(a) When 19.5 g of `F-CH_(2)-COOH` (Molar mass = `78" g mol"^(-1)`) is dissolved in 500 g of water, the depression in freezing point is observed to be `1^(@)C`. Calculate the degree of dissociation of `F-CH_(2)-COOH`.
[Given : `K_(f)` for water = 1.86 K kg `mol^(-1)`]
(b) Give reasons :
(i) 0.1 M KCl has higher boiling point than 0.1 M Glucose.

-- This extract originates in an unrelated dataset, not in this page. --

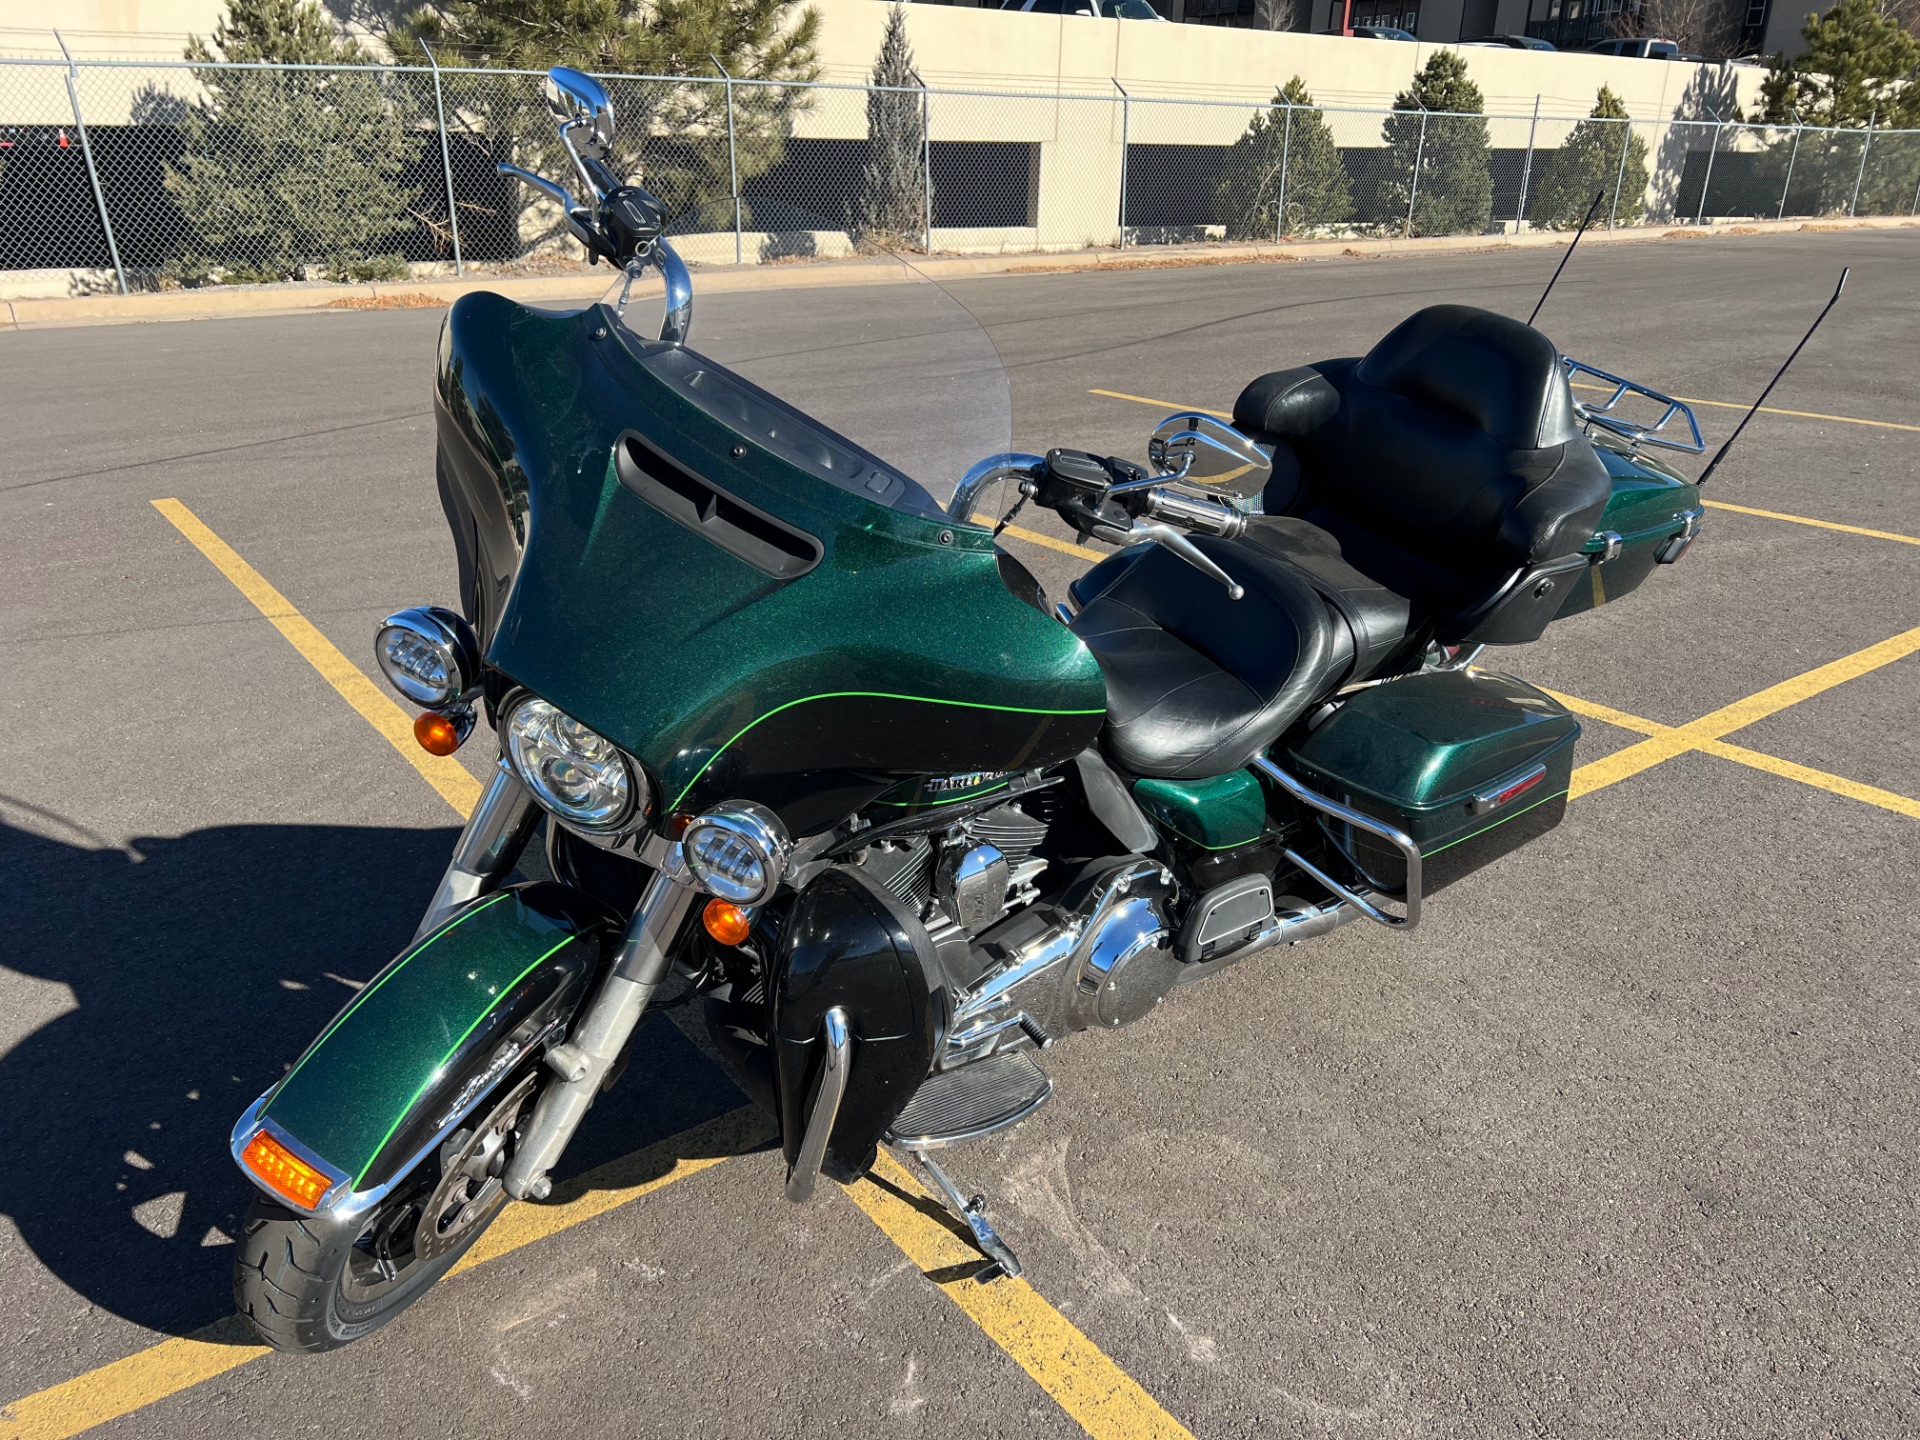 2015 Harley-Davidson Ultra Limited in Colorado Springs, Colorado - Photo 4

(ii) Meat is preserved for a longer time by salting.

(a) Number of moles of `F-CH_(2)-COOH=(19.5)/(78)=0.25` moles
Molality of the solution `=(0.25)/(500)xx1000=0.5" mol kg"^(-1)`
Using the following equation
`Delta T_(f)=iK_(f)m`, where I is van.t Hoff factor
Substituting the values in the above equation, we have
`1K=ixx1.86" K kg mol"^(-1)xx0.5" mol kg"^(-1)`
or `" "i=(1)/(1.86xx0.5)=(1)/(0.93)=1.075" "...(i)`
`I-"CII"_(2)-COOH to F-underset(x)(CH_(2)COO^(-))+underset(x)(H^(+))`
where x is degree of dissociation.
Total number of moles `=1-x+x+x=1+x`
`i=(1+x)/(1)" "...(ii)`
From (i) and (ii), we have
`1+x=1.075` or x = 0.075
Degree of dissociation = 0.075 or 7.5%
(b) (i) KCl dissociates to give `K^(+)` and `Cl^(-)`. As the concentration of particles in 0.1 M KCl is more than that of 0.1 M glucose, boiling point of KCl is higher.
(ii) Whater is taken out of bacteria into the solution of sodium chloride as a result of osmosis. Therefore bacteria do not survive.